> **EXERCISE**:
Transcribe the listing below exactly, without pictures.

> **SOURCE DATA**:
- - -
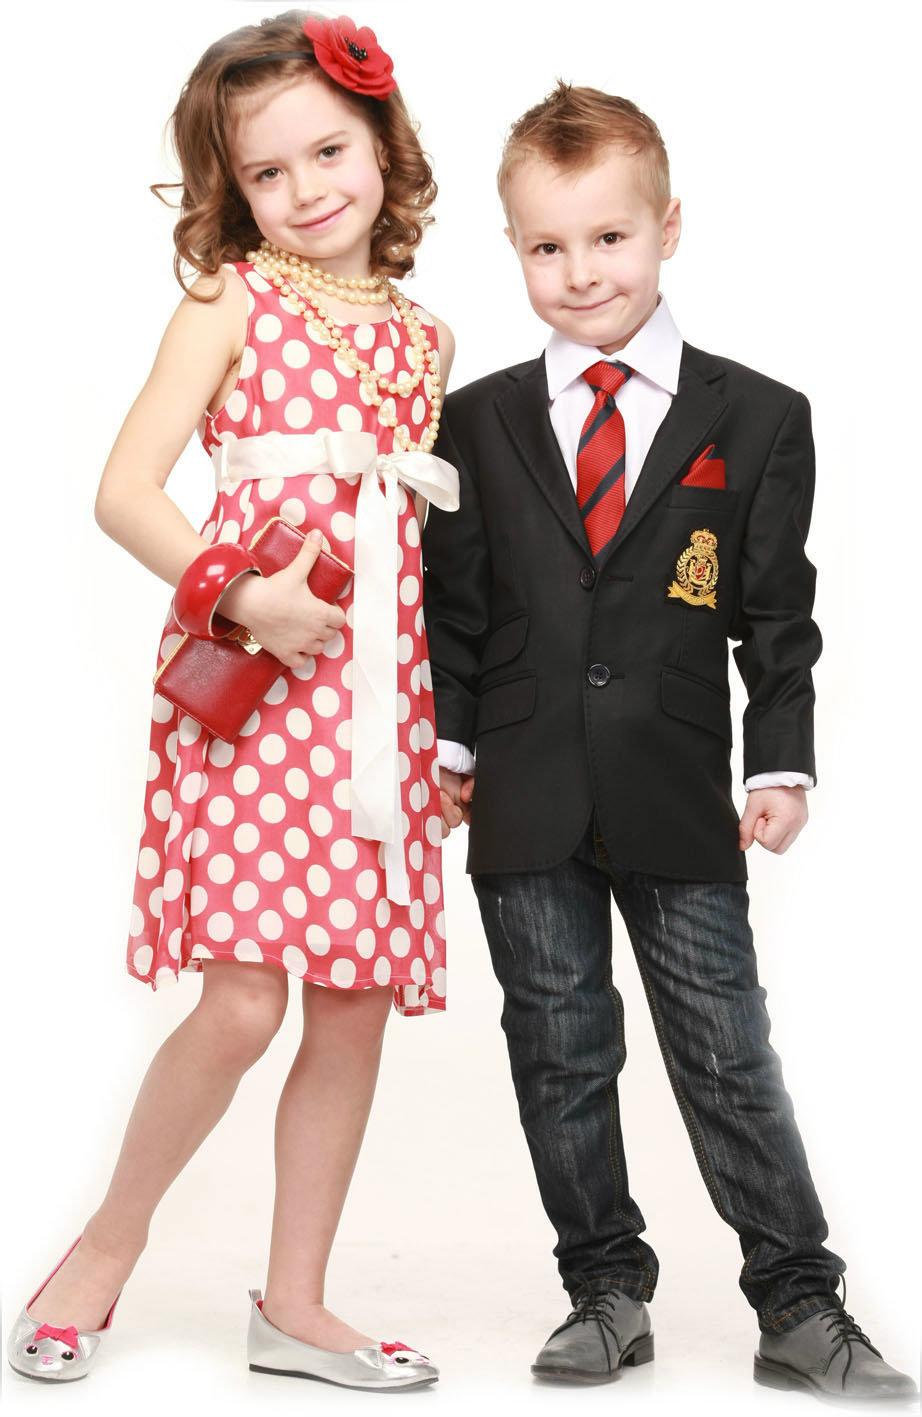 Модная брендовая одежда и обувь для маличиков и девочек. Коллекции одежды и обуви года для детей. Эксклюзивные европейские марки, VIP-обслуживание.
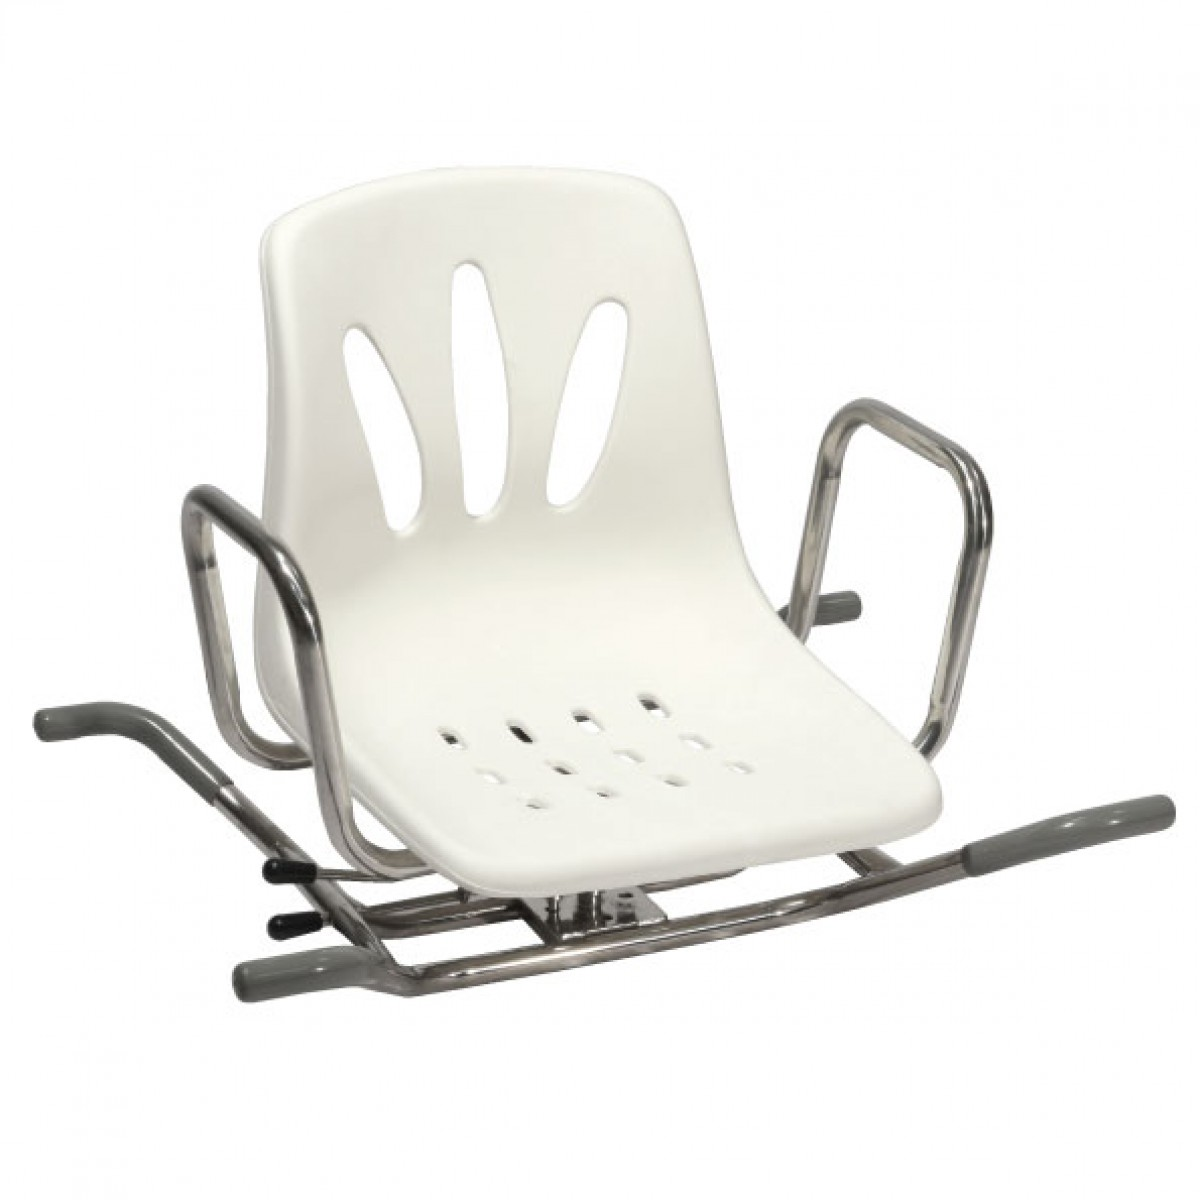 sedia girevole in acciaio inox per vasca da bagno ausili
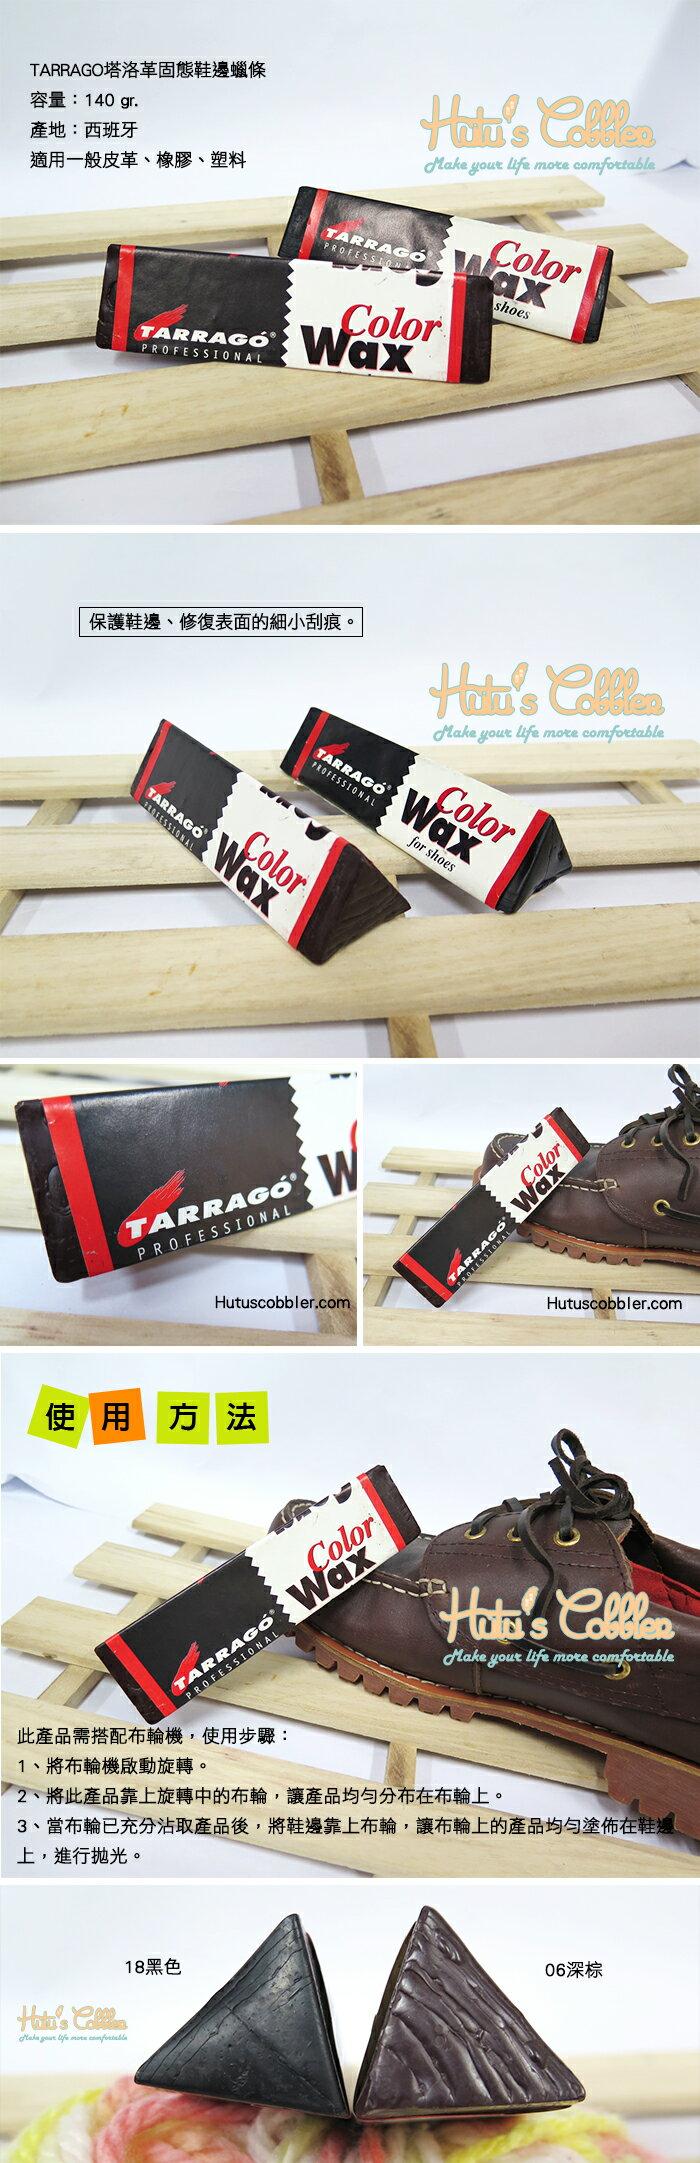 ○糊塗鞋匠○ 優質鞋材 L123 西班牙Tarrago固態鞋邊蠟條 保護鞋邊 修復表面的細小刮痕
- - -
> **SOLUTION TO THE EXERCISE**:
 Модная брендовая одежда и обувь для маличиков и девочек. Коллекции одежды и обуви года для детей. Эксклюзивные европейские марки, VIP-обслуживание.
 sedia girevole in acciaio inox per vasca da bagno ausili
 ○糊塗鞋匠○ 優質鞋材 L123 西班牙Tarrago固態鞋邊蠟條 保護鞋邊 修復表面的細小刮痕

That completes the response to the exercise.